__Entries taken from a collection__.
---

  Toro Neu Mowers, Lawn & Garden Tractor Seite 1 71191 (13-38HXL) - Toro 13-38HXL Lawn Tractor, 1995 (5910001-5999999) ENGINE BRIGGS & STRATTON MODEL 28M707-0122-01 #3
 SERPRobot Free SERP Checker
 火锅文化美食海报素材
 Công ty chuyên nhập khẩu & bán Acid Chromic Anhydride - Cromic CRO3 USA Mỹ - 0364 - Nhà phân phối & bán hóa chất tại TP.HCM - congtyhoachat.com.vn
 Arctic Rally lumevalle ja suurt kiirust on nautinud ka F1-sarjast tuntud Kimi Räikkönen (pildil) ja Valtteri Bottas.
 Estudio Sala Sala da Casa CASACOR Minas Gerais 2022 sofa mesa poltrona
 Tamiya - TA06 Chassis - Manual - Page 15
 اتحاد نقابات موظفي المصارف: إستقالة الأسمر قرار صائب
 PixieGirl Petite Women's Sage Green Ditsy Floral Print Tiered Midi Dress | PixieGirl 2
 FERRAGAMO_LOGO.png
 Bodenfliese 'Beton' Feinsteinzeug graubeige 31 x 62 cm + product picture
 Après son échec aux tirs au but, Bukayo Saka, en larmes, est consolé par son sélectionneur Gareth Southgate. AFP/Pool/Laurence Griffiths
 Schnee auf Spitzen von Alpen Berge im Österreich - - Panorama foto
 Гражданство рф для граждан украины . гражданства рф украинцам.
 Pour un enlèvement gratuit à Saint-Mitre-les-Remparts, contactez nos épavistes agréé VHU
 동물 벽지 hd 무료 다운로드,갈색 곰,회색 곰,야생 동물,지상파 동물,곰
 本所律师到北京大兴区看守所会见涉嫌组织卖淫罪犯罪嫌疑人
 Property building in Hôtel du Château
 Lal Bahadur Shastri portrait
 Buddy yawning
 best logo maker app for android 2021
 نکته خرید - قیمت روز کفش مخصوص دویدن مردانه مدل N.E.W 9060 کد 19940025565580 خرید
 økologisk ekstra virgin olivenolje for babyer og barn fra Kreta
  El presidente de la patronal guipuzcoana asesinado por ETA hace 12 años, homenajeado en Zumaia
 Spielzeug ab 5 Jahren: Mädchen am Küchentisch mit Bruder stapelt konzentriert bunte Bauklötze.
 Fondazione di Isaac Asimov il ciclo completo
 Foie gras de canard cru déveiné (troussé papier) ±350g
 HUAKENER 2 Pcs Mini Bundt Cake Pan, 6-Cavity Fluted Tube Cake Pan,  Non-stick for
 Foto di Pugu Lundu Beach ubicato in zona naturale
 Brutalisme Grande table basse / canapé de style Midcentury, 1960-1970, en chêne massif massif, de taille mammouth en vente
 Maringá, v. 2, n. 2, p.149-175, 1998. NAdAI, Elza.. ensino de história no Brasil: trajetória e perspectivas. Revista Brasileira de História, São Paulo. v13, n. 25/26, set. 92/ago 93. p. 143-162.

---

__Exercise description__. Output only an exact transcription of the lines above from the one with "Гражданство рф для" up to and including the one with "Fondazione di Isaac Asimov il ciclo completo".

__Answer to this problem__.
 Гражданство рф для граждан украины . гражданства рф украинцам.
 Pour un enlèvement gratuit à Saint-Mitre-les-Remparts, contactez nos épavistes agréé VHU
 동물 벽지 hd 무료 다운로드,갈색 곰,회색 곰,야생 동물,지상파 동물,곰
 本所律师到北京大兴区看守所会见涉嫌组织卖淫罪犯罪嫌疑人
 Property building in Hôtel du Château
 Lal Bahadur Shastri portrait
 Buddy yawning
 best logo maker app for android 2021
 نکته خرید - قیمت روز کفش مخصوص دویدن مردانه مدل N.E.W 9060 کد 19940025565580 خرید
 økologisk ekstra virgin olivenolje for babyer og barn fra Kreta
  El presidente de la patronal guipuzcoana asesinado por ETA hace 12 años, homenajeado en Zumaia
 Spielzeug ab 5 Jahren: Mädchen am Küchentisch mit Bruder stapelt konzentriert bunte Bauklötze.
 Fondazione di Isaac Asimov il ciclo completo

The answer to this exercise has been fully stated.